YOUR OBJECTIVE >> Without any of the pictures, transcribe all the lines below exactly.

RAW DATA >>
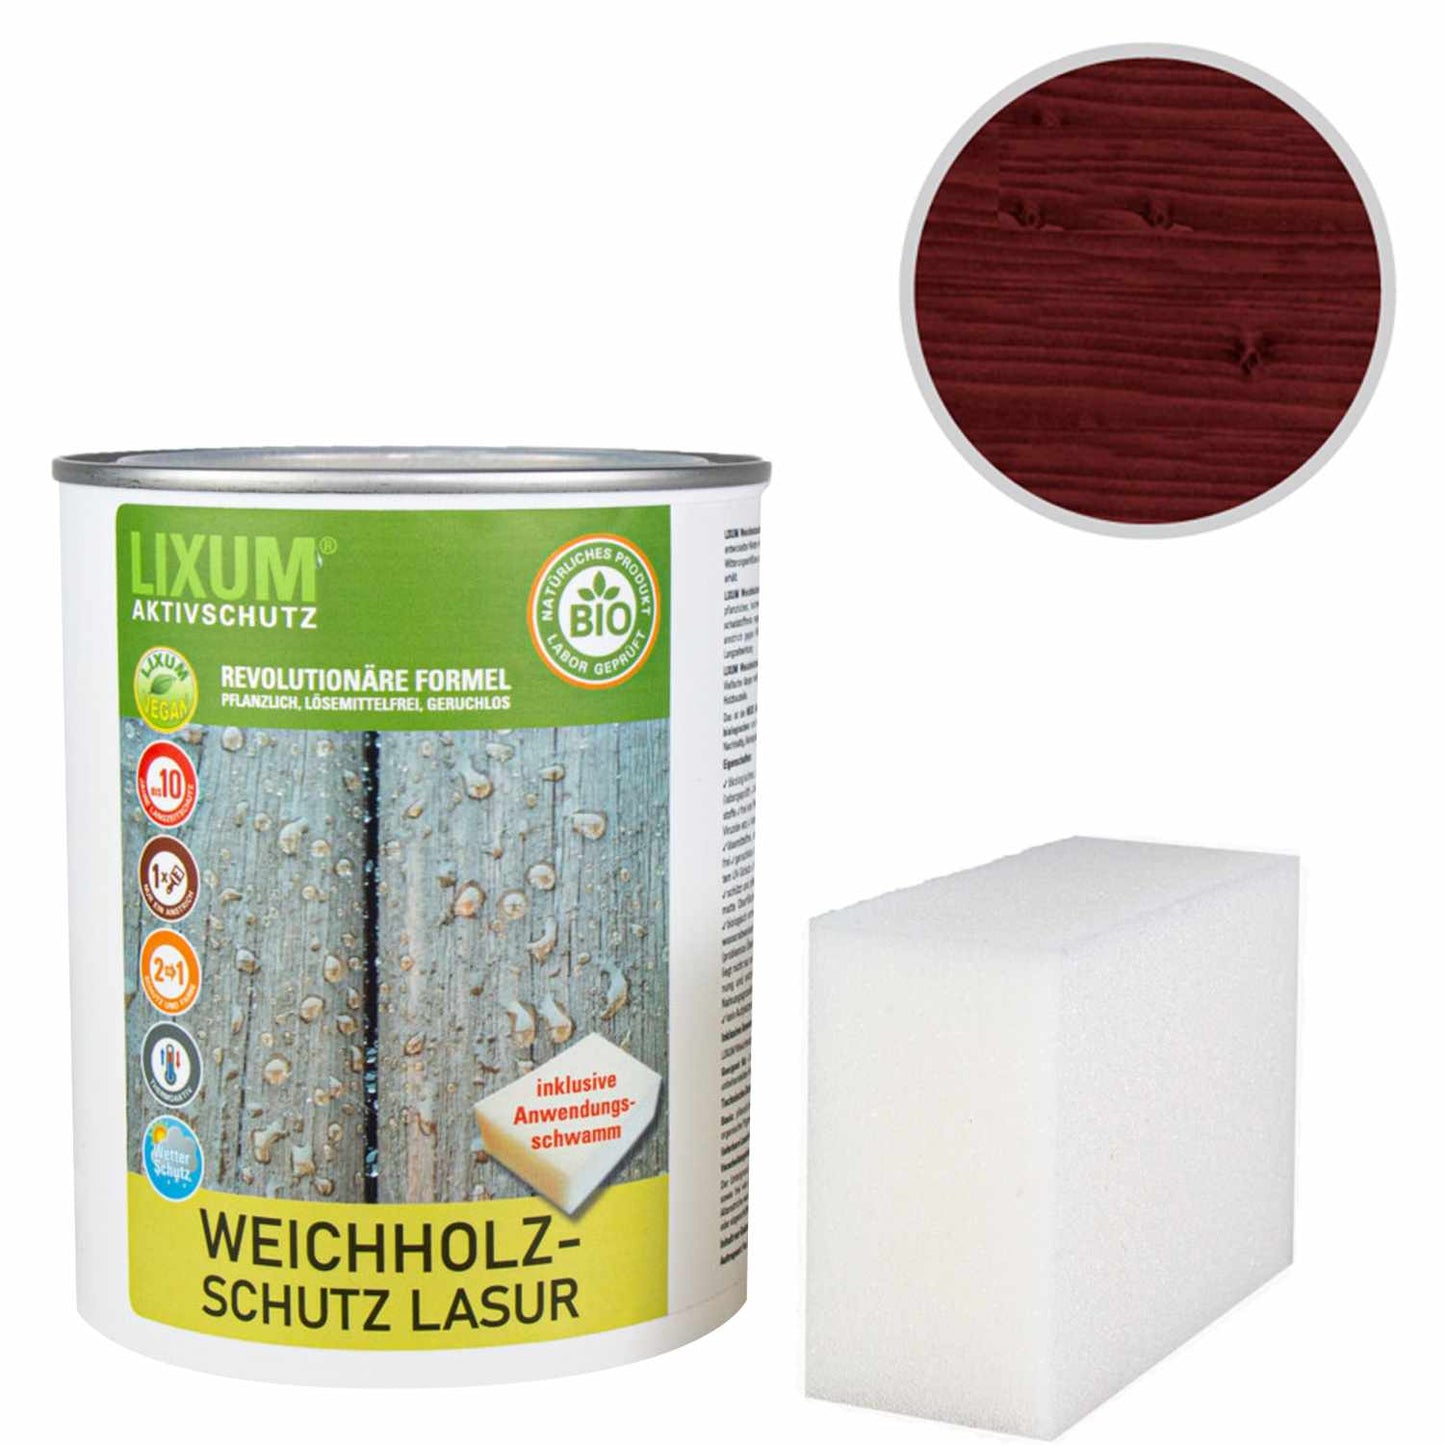 Biological wood protection softwood protection glaze - poplar - wood protection & wood care for outside
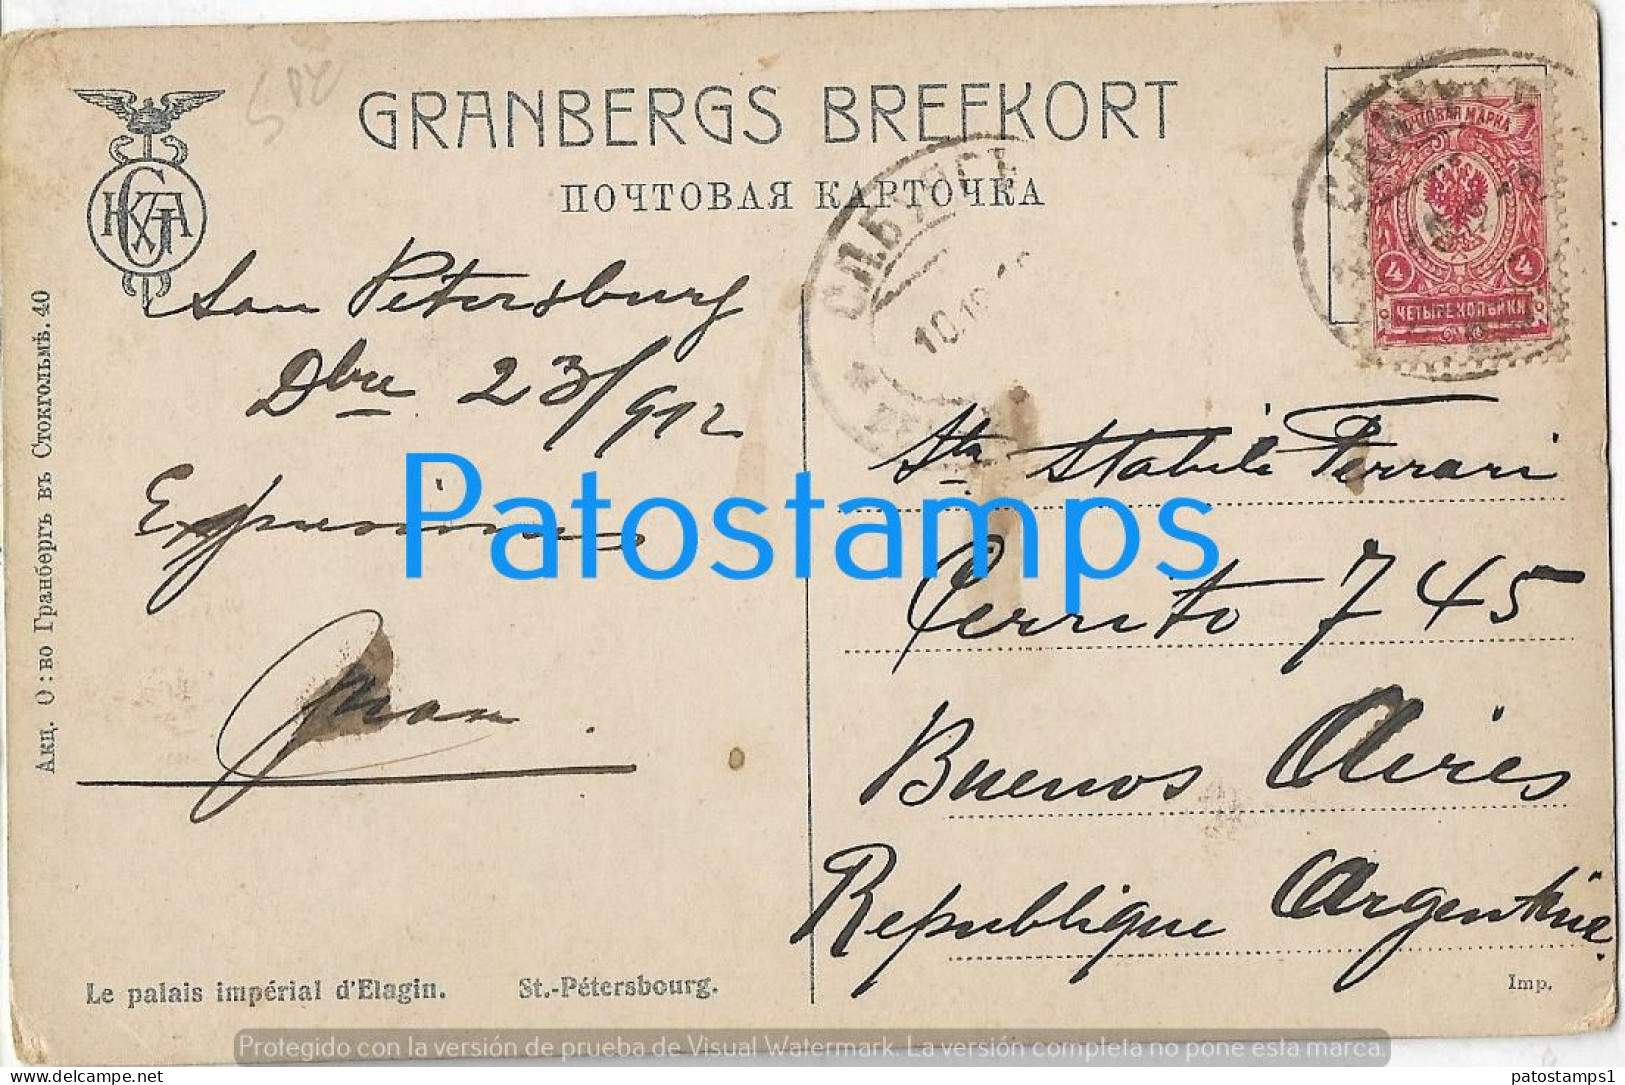 227637 RUSSIA ST PETERSBURG VIEW PARTIAL CIRCULATED TO ARGENTINA POSTAL POSTCARD - Russie
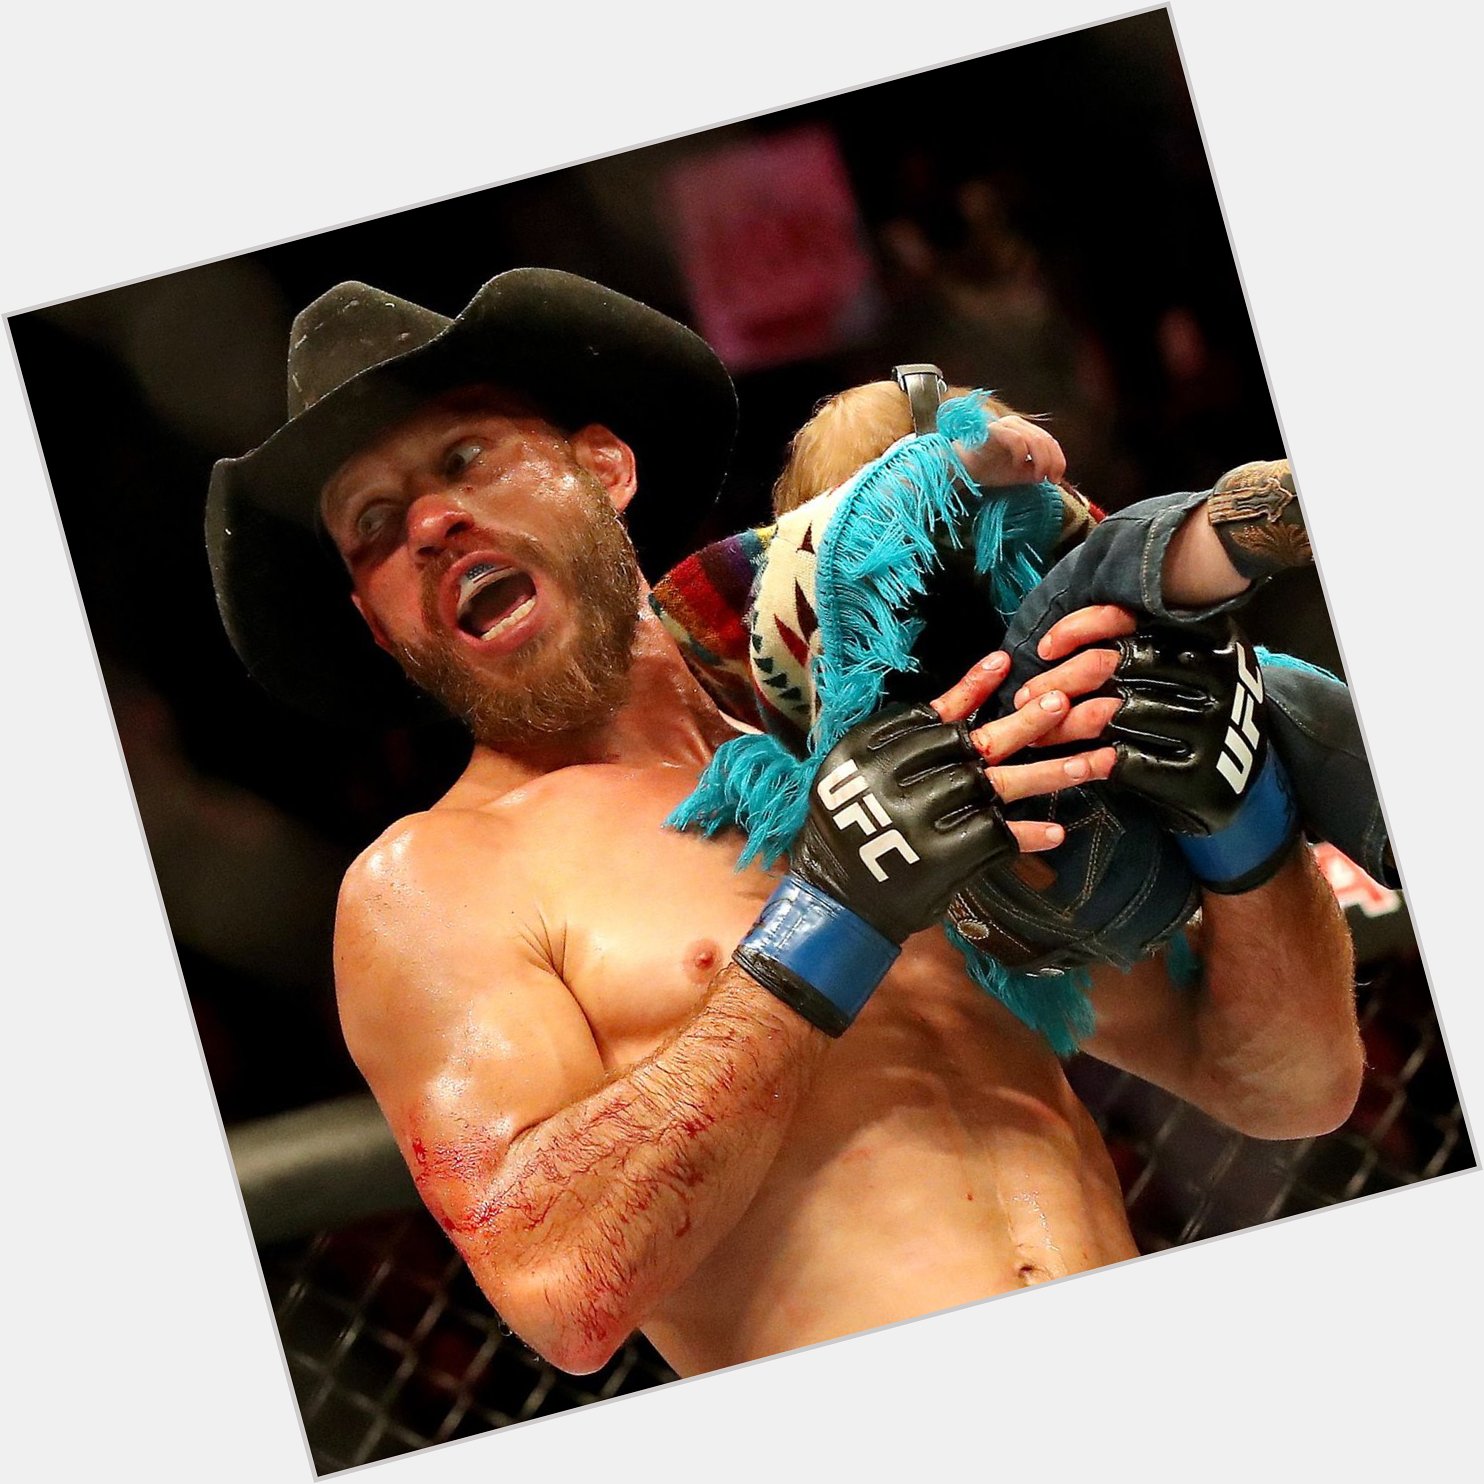  Happy 39th birthday to UFC legend and future hall of famer Donald Cerrone!

ANSWER BOX >>
 Biological wood protection softwood protection glaze - poplar - wood protection & wood care for outside
 227637 RUSSIA ST PETERSBURG VIEW PARTIAL CIRCULATED TO ARGENTINA POSTAL POSTCARD - Russie
  Happy 39th birthday to UFC legend and future hall of famer Donald Cerrone!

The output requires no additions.